Leave the pictures out and write out the rest of the listing word for word.

• _Information supplied_
%%

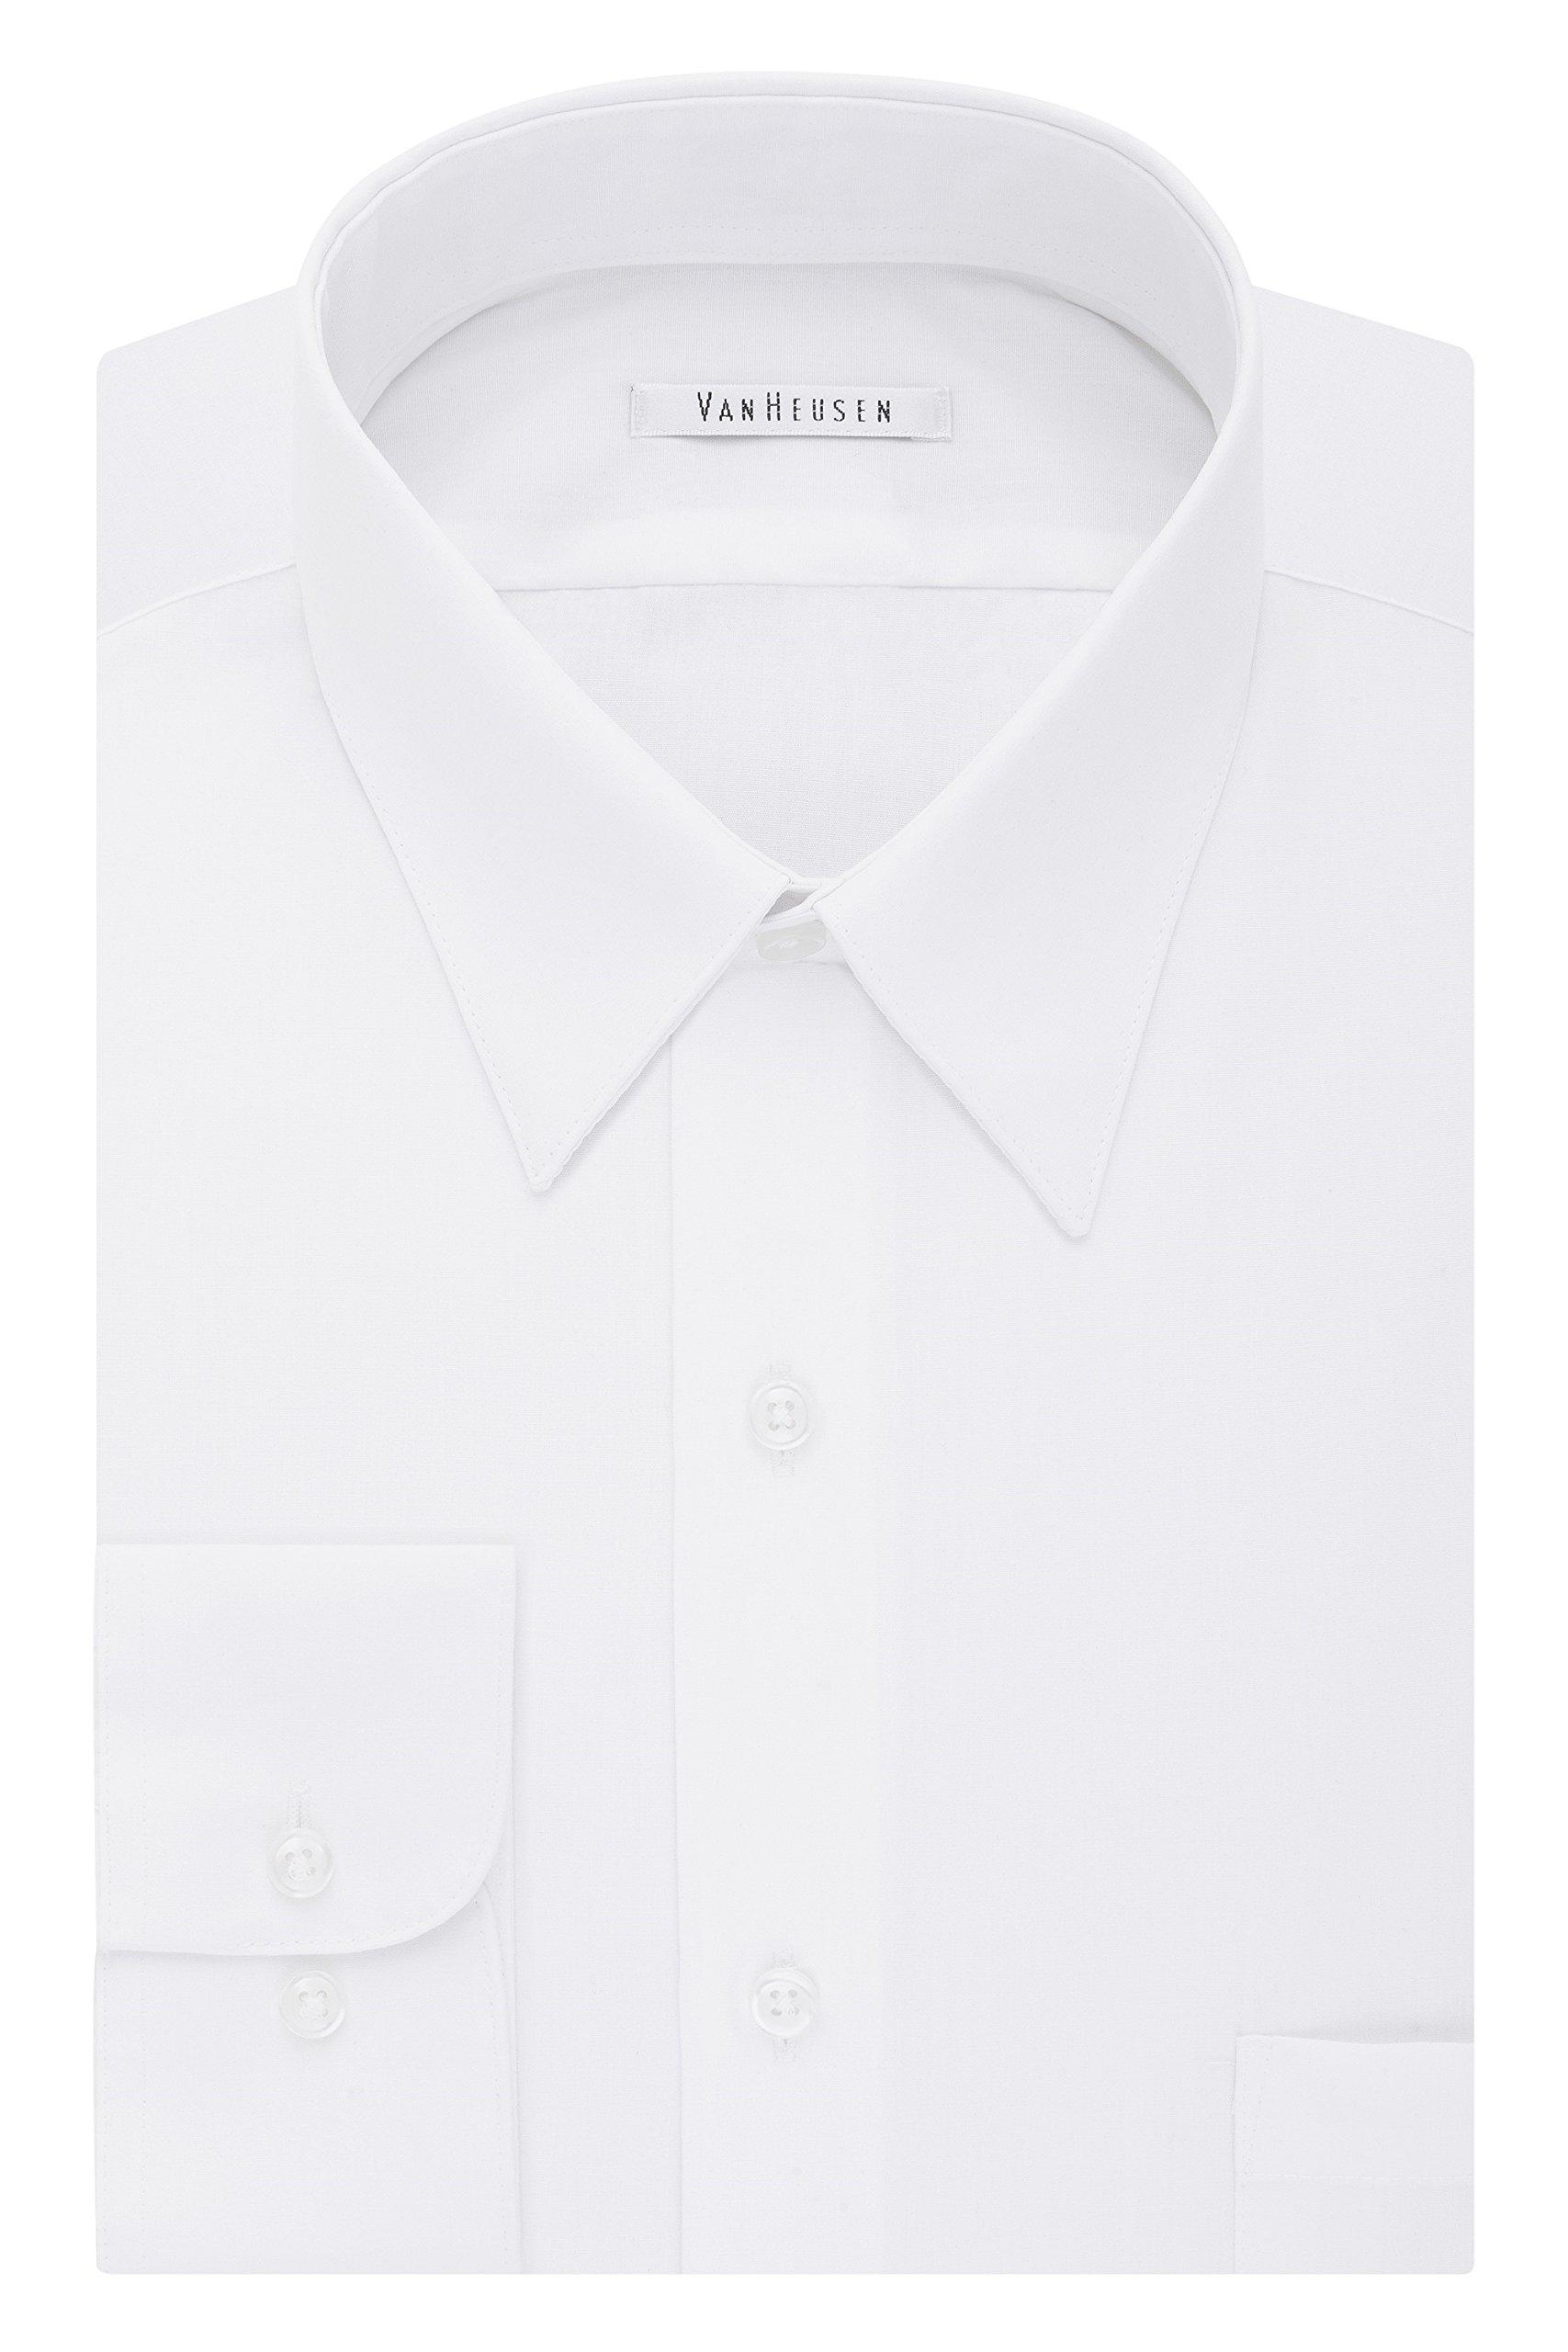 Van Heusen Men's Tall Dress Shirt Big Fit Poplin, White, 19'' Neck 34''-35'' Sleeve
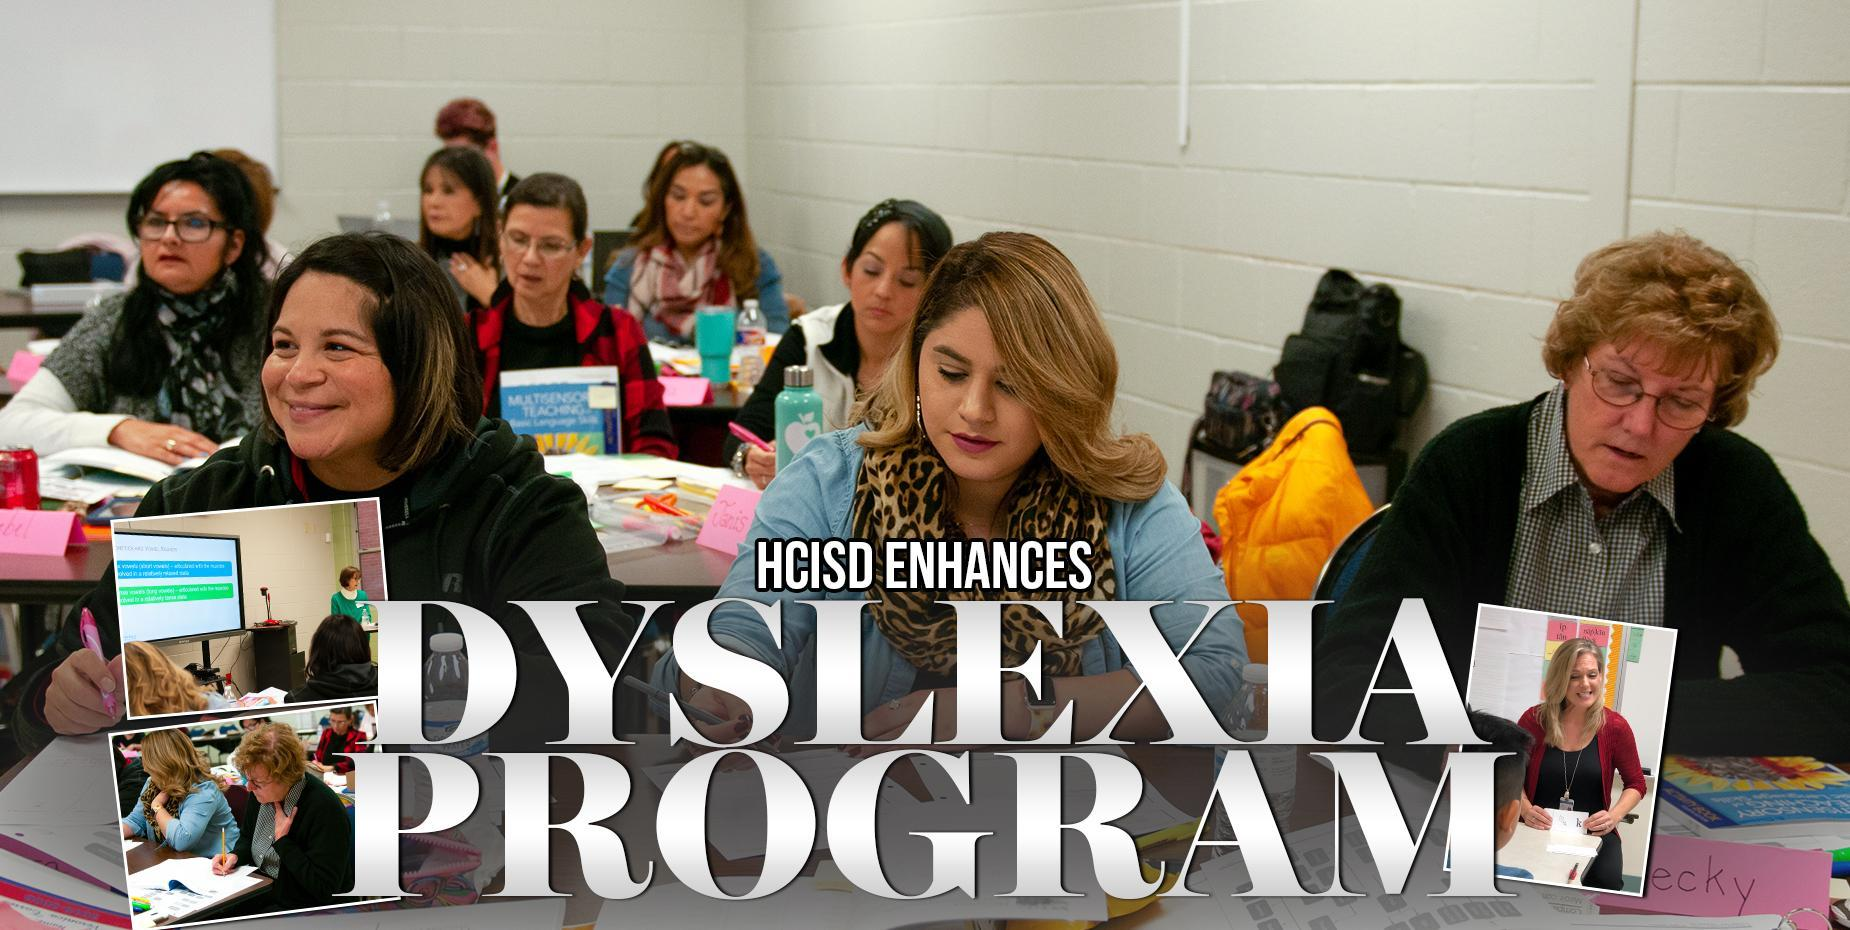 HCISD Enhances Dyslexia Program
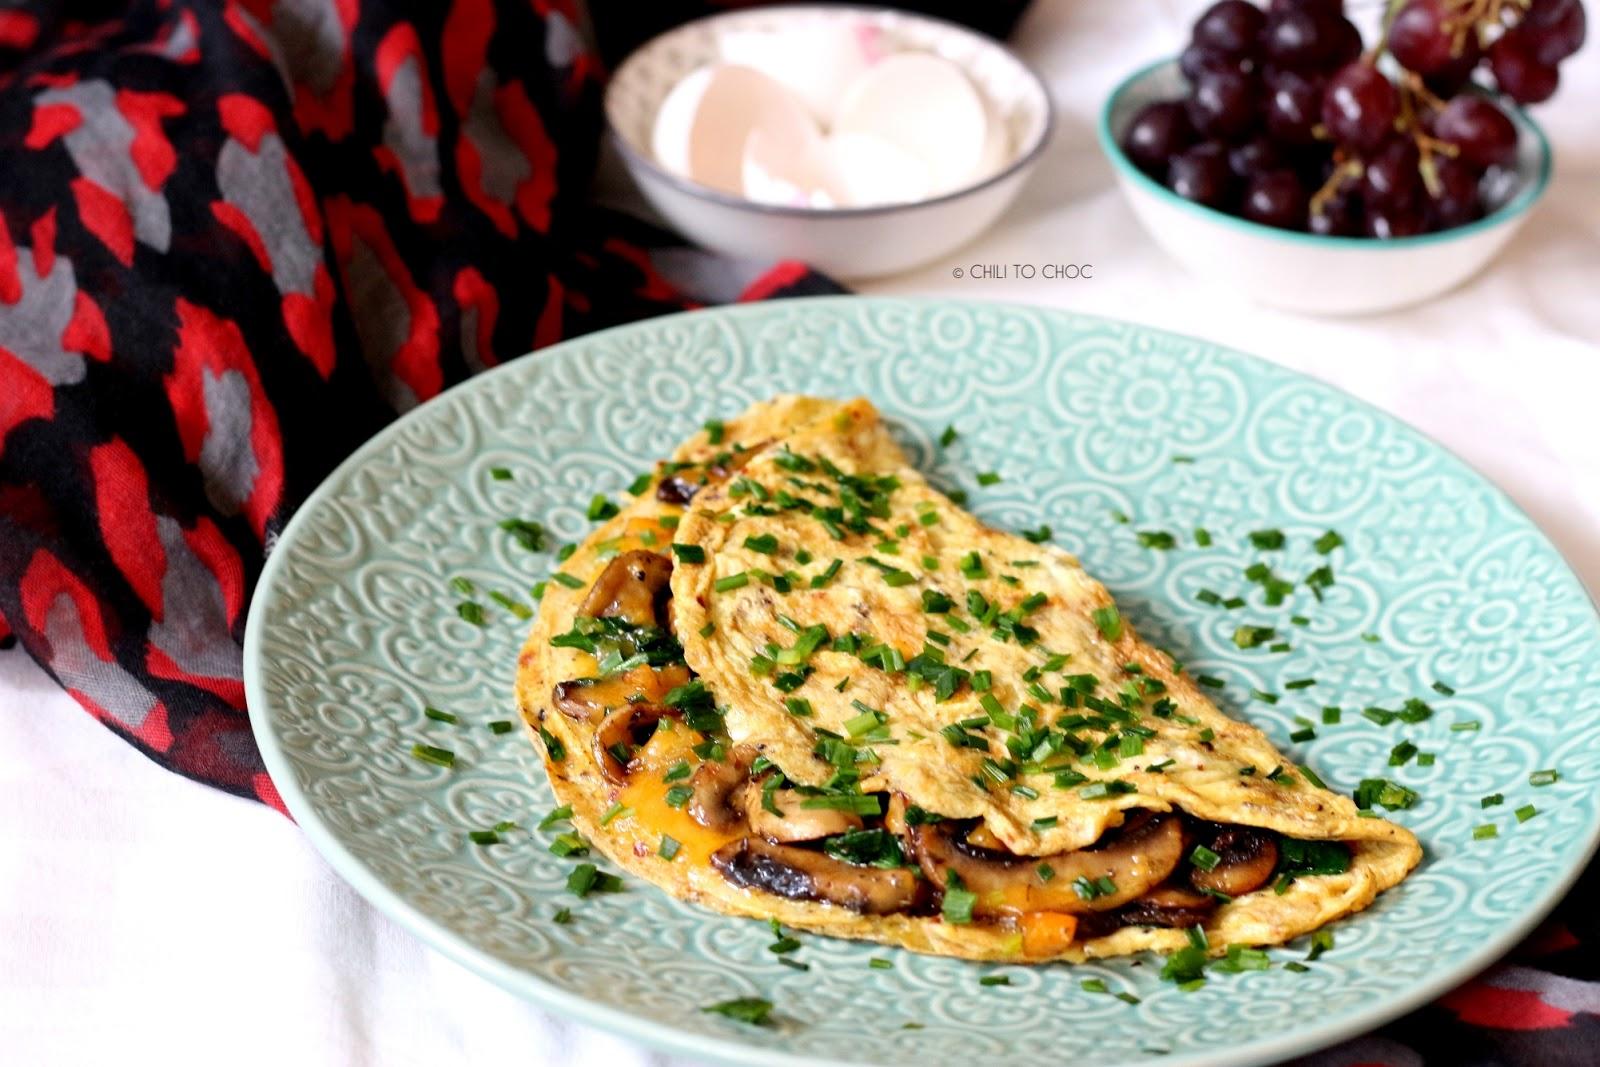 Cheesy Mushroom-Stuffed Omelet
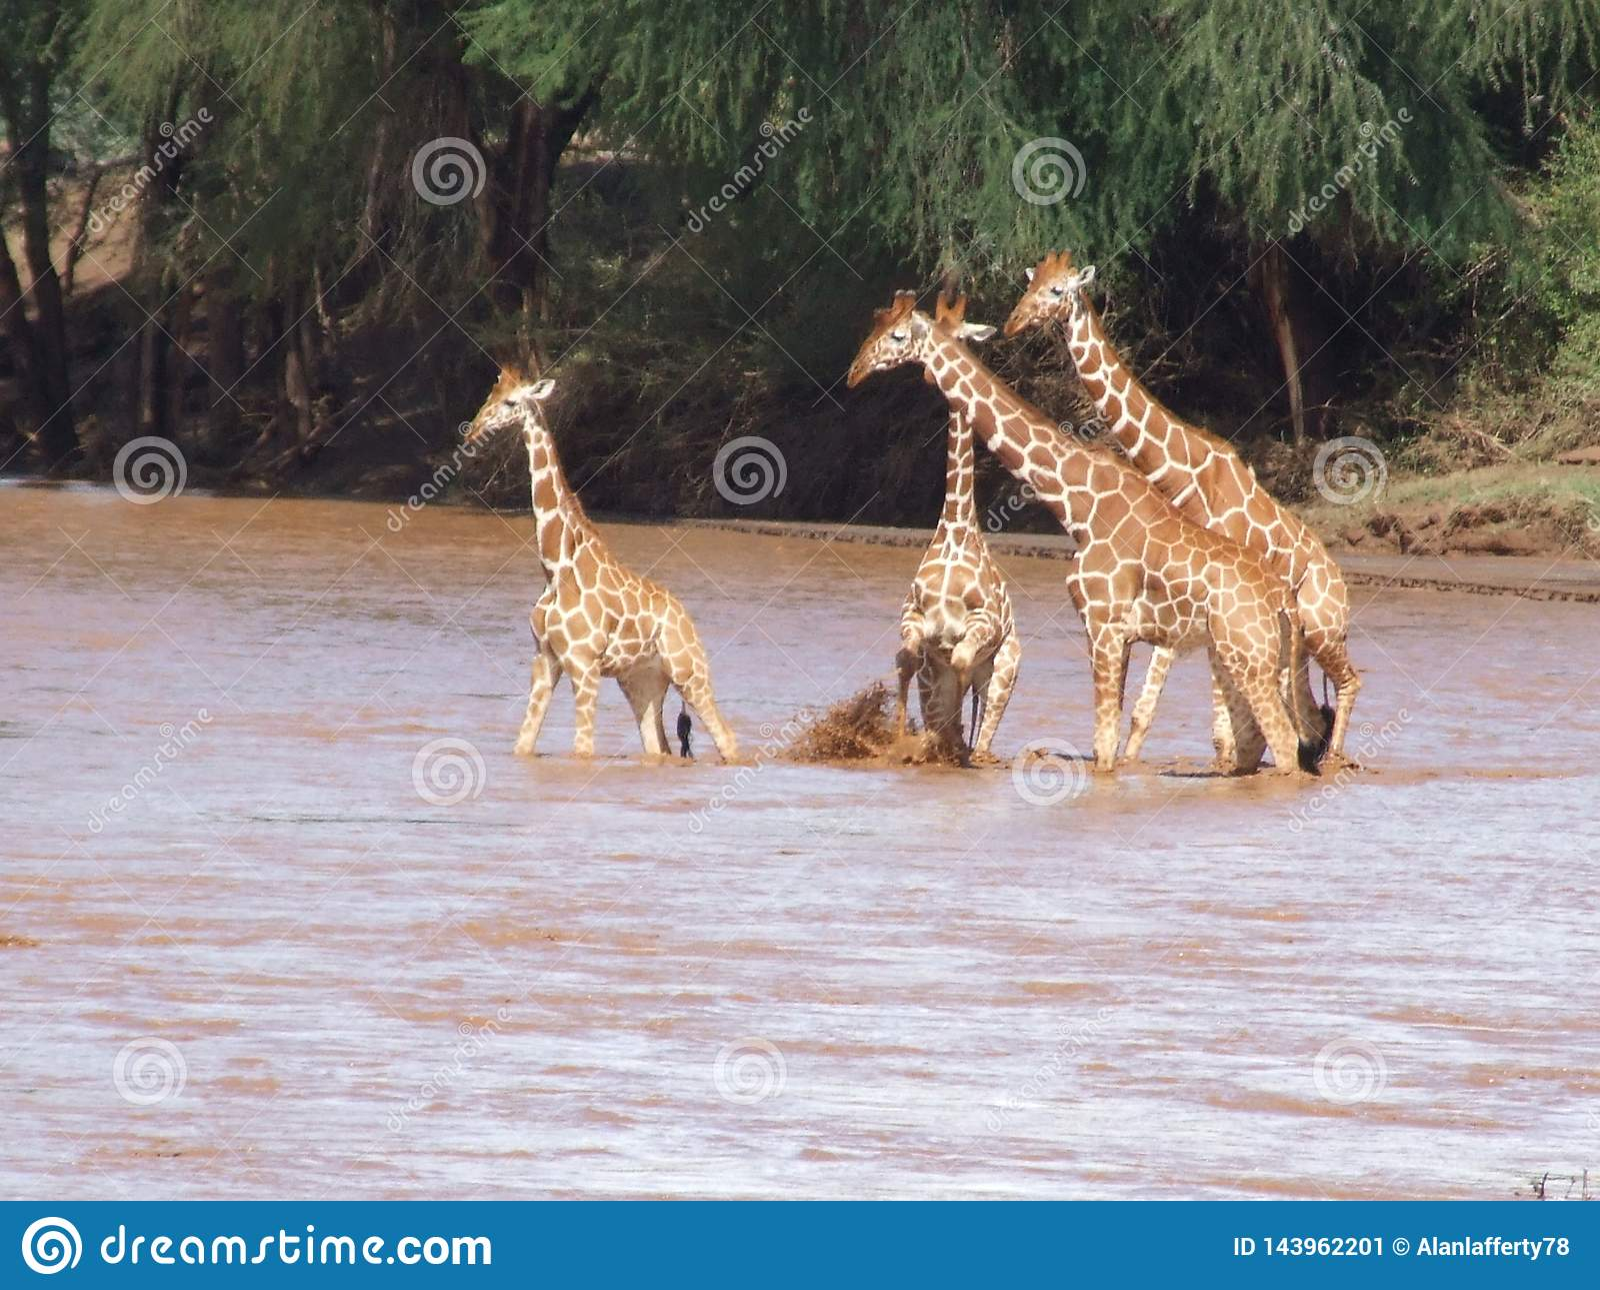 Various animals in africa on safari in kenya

%%

• _Task solution_
 Van Heusen Men's Tall Dress Shirt Big Fit Poplin, White, 19'' Neck 34''-35'' Sleeve
 HCISD Enhances Dyslexia Program
 Cheesy Mushroom-Stuffed Omelet
 Various animals in africa on safari in kenya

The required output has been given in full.